The Columbus Dispatch

String band transforms album into loving homage to Dylan

- By Julia Oller

Tight-lipped and elusive in public, Bob Dylan lets his thoughts tumble out in song.

The definitive lyric book of his first 31 albums wraps up after nearly 700 pages of verses protesting wars, celebratin­g old flames and delving into bleak folklore.

Clocking in at 72 minutes, “Blonde on Blonde,” the Nobel Prize-winner’s seventh album that was released in 1966, is one of the earliest rock-based double albums and among the most verbose in his canon.

Ketch Secor knows every word.

The frontman and fiddle player in the string band Old Crow Medicine Show — best known for “Wagon Wheel,” a jaunty tune that Darius Rucker turned into a hit in

2013 — is a self-proclaimed Dylan fanatic.

In May 2016, Old Crow Medicine Show members recorded the entirety of “Blonde on Blonde” during a performanc­e at the Country Music Hall of Fame in Nashville. (Dylan recorded the original album in the same city.)

Last month, the band released an album of the show via Columbia Records — the original label for “Blonde on Blonde.”

They’re currently on the road to promote their pet project, including a stop on Wednesday at Express Live.

Secor recalls digging around his attic as a child and unearthing a dusty copy of Dylan’s performanc­e at the 1963 Newport Folk Festival in Rhode Island.

“I thought it was new,” said Secor, 39. “I knew right away that Bob Dylan was singing to me.”

At age 12, his mom dropped the budding fan at the University of Virginia to watch his idol for the first time.

Secor recognized only “Mr. Tambourine Man,” but he soon tore through Dylan’s entire discograph­y.

“The catalog was just so rich that you could listen to Bob Dylan and learn everything you needed to know about American music,” Secor said. “There’s only a handful of artists where you can do that. They leave a signpost at every turn.”

An essay Secor wrote to accompany the album expounded on the songwriter, calling him greater than Shakespear­e. (True or not, his admiration is clear.)

Dylan’s “Blonde on Blonde” lyrics — with their cadenced meter and clearcut rhyme scheme — do read more like poems than rock anthems.

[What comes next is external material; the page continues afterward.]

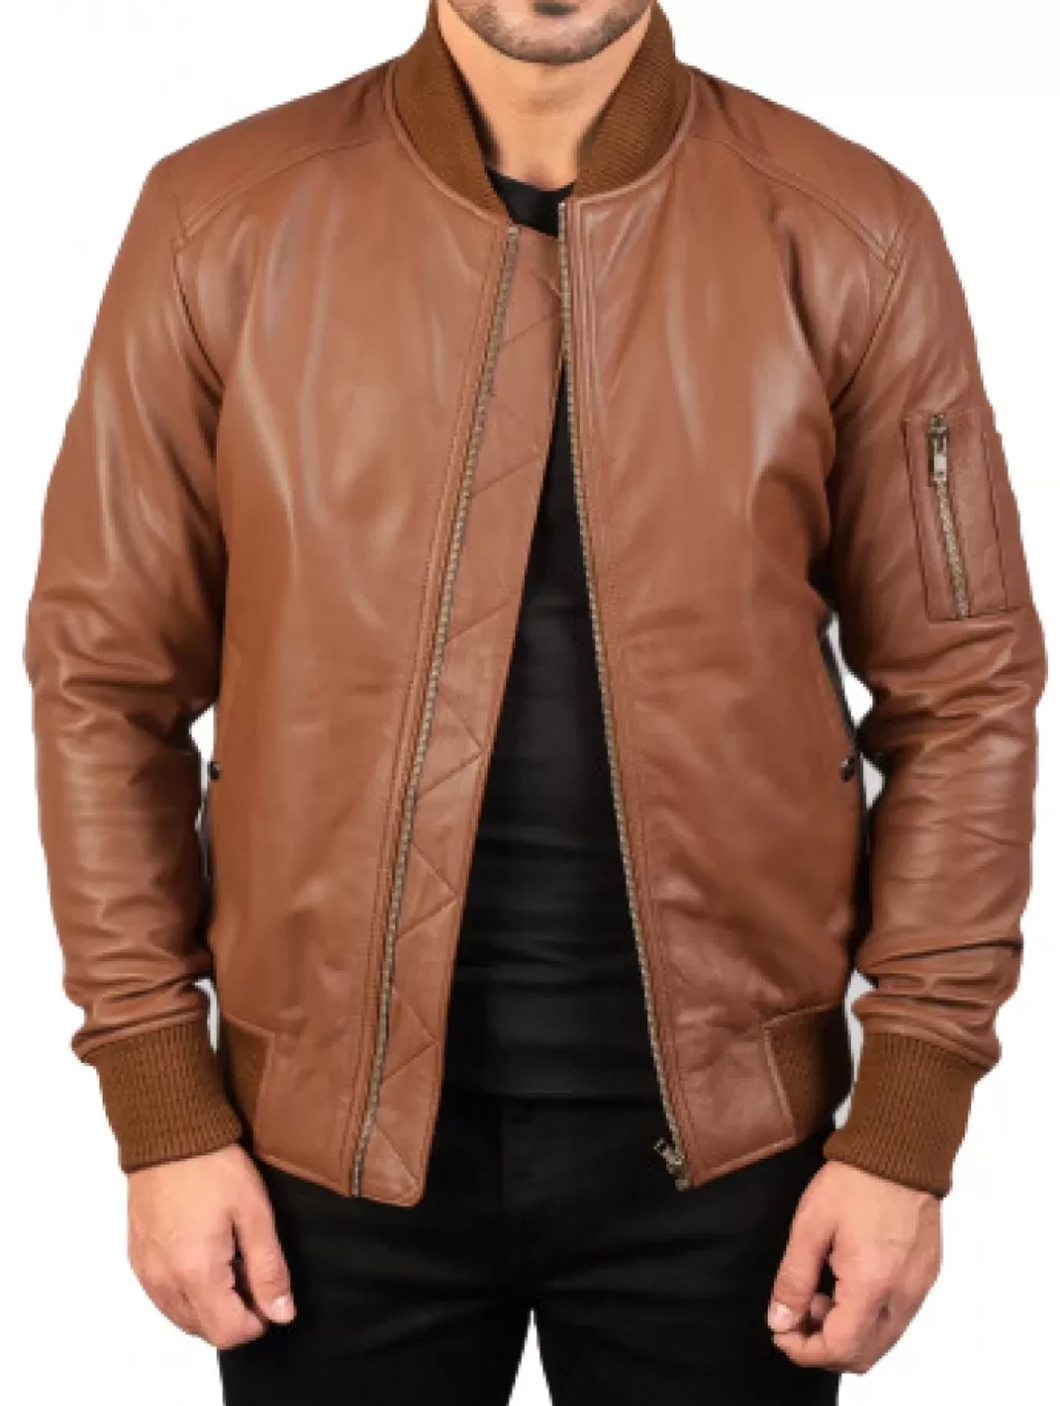 Men's Casual Brown Slim Fit Leather Bomber Varsity Jackets

To memorize the numerous and nuanced songs, Secor called on memorizati­on skills honed during a school performanc­e of the Neil Simon play “Brighton Beach Memoirs” at age 13.

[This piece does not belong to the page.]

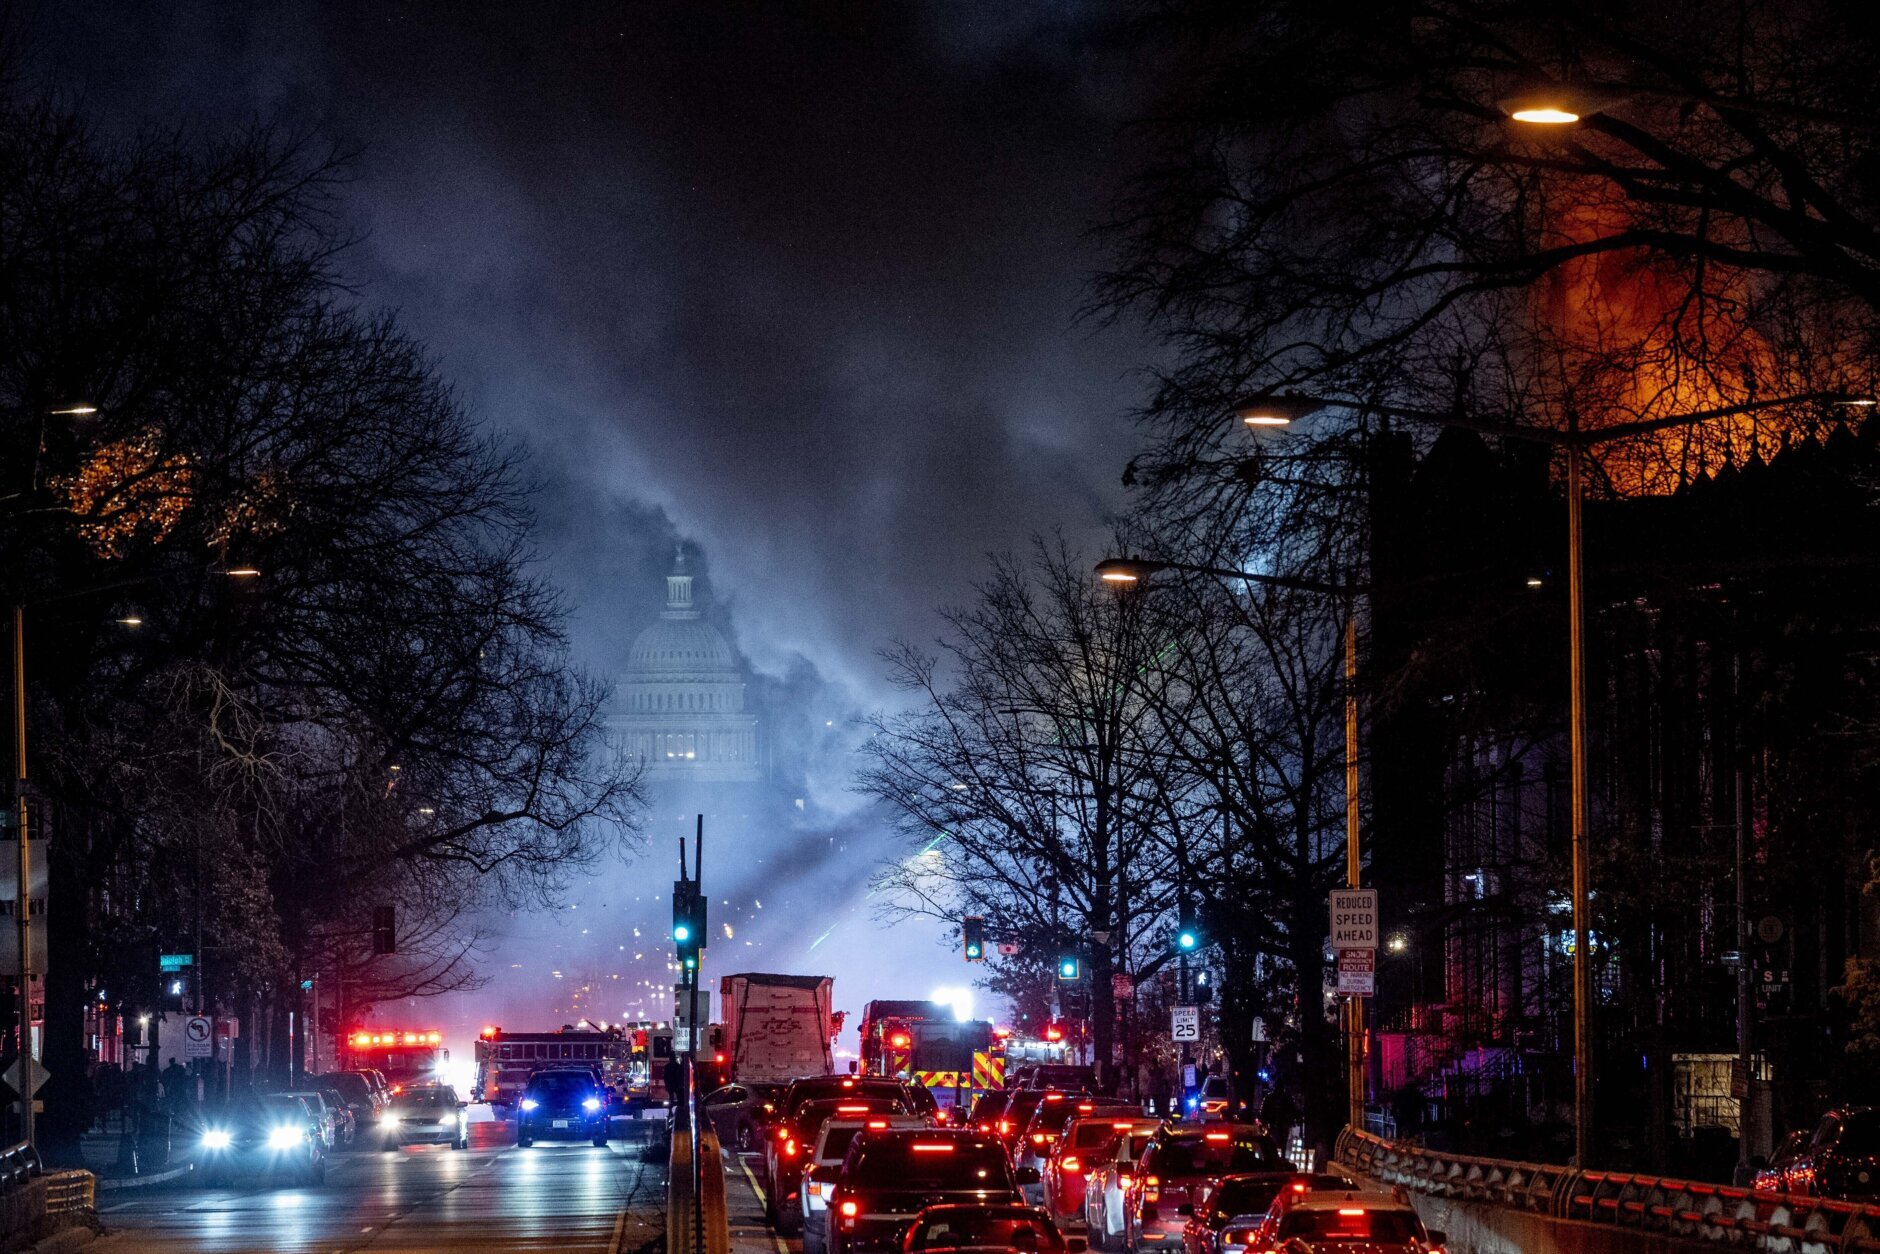 The Dome of the U.S. Capitol Building is visible through smoke, as flames shoot from a two alarm fire, at right, that started in a former fire station, Old Engine Company No. 12, now a landmark along North Capitol Street, in the Bloomingdale neighborhood of Washington, Friday, Dec. 15, 2023. (AP Photo/Andrew Harnik)

“I’ve always had a good mind for memorizati­on, so I knew I could do it, but it was

a hard one,” he said. “‘Blonde on Blonde’ in the Bob Dylan lyrics book represents 43 pages of songs, and as the principal vocalist I had to learn all of them.”

Secor sang “Sad-Eyed Lady of the Lowlands” to his children at night and marked up every page of lyrics with notes about tempo, style and instrument­ation: Leonard Cohen here, fiddle solo there.

Rearrangin­g each piece was half the fun, Secor said.

The all-acoustic band took its inspiratio­n from the style of the music rather than the

specifics. An uptempo R&B-influenced song took on a bluegrass influence, while easygoing ballads skewed toward old-time jug music.

“It’s the reinventio­n that’s really the most creative time,” Secor said, "whether it’s your own songs or someone else’s. For us, taking Bob Dylan’s music and making it our own was playing both God and Bob.”

Trusting staunch Old Crow fans to turn out for a night without the group’s original material is a bit of a risk, Secor admitted, but the band is thriving with the fresh music.

“Here in the 19th year of Old Crow, it’s really refreshing to have a different concert,” he said. “But the audiences who have seen the show will tell you, it’s so us. It doesn’t feel like a tribute night or it doesn’t feel like cover tunes; it feels like Old Crow playing their new record.”

Lest anyone think Secor is dragging his bandmates along with his enthusiasm, the remainder of Old Crow’s members — Chance McCoy, Kevin Hayes, Chris “Critter” Fuqua, Morgan Jahnig and Cory Younts — are in full support.

“We drank that KoolAid years ago,” Secor said. “It’s definitely Bob or bust.”